Example 4. Halt Program Based on Constraint[LINK]
Problem Statement[LINK]
Heavy users of EnergyPlus explore the enormous parameter space associated with building design options. Computational requirements often limit what can be accomplished in a given study. For optimizations and other parametric studies, there is usually a tension between having a very detailed model that is comfortably accurate, and a simpler model that executes faster.
For most studies many trial simulations are discarded because they violate some constraint.
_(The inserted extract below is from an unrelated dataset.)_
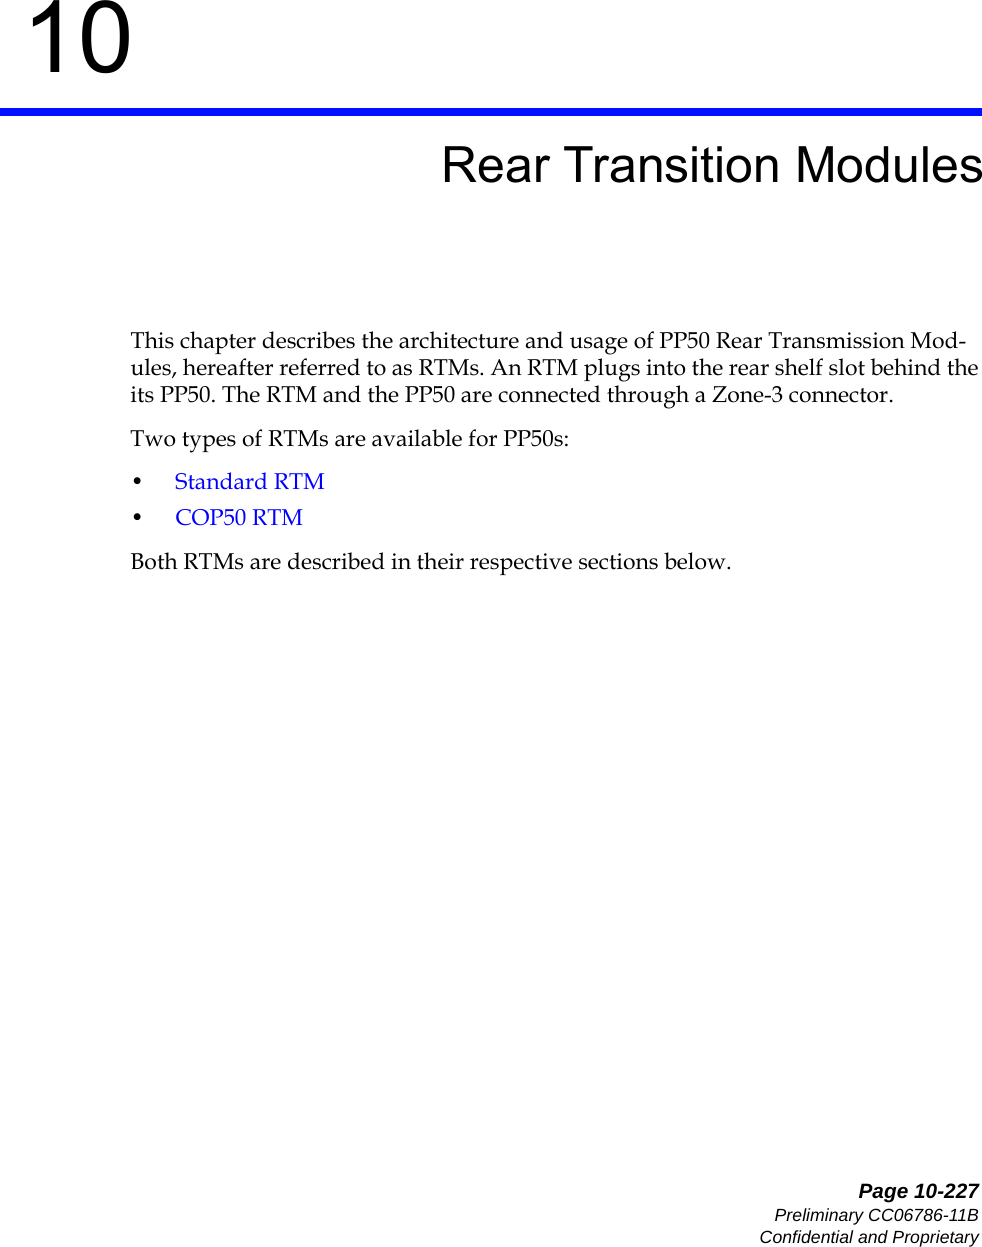   Page 10-227Preliminary CC06786-11BConfidential and Proprietary10Preliminary10Rear Transition ModulesThis chapter describes the architecture and usage of PP50 Rear Transmission Mod-ules, hereafter referred to as RTMs. An RTM plugs into the rear shelf slot behind the its PP50. The RTM and the PP50 are connected through a Zone-3 connector. Two types of RTMs are available for PP50s: •Standard RTM•COP50 RTMBoth RTMs are described in their respective sections below.

To save computation time, you might consider “fatal–out” simulations where early calculations show that some predetermined constraints will not be met in the final result. Many studies could save considerable computing resources by prematurely quitting models rather than always letting each simulation run to completion. All types of constraints such as poor comfort, excessive system iterations, and high energy costs could be used to kill a run. You should ask, Is there a way to use the EMS to expedite my optimal searches by stopping models prematurely if they fail some test?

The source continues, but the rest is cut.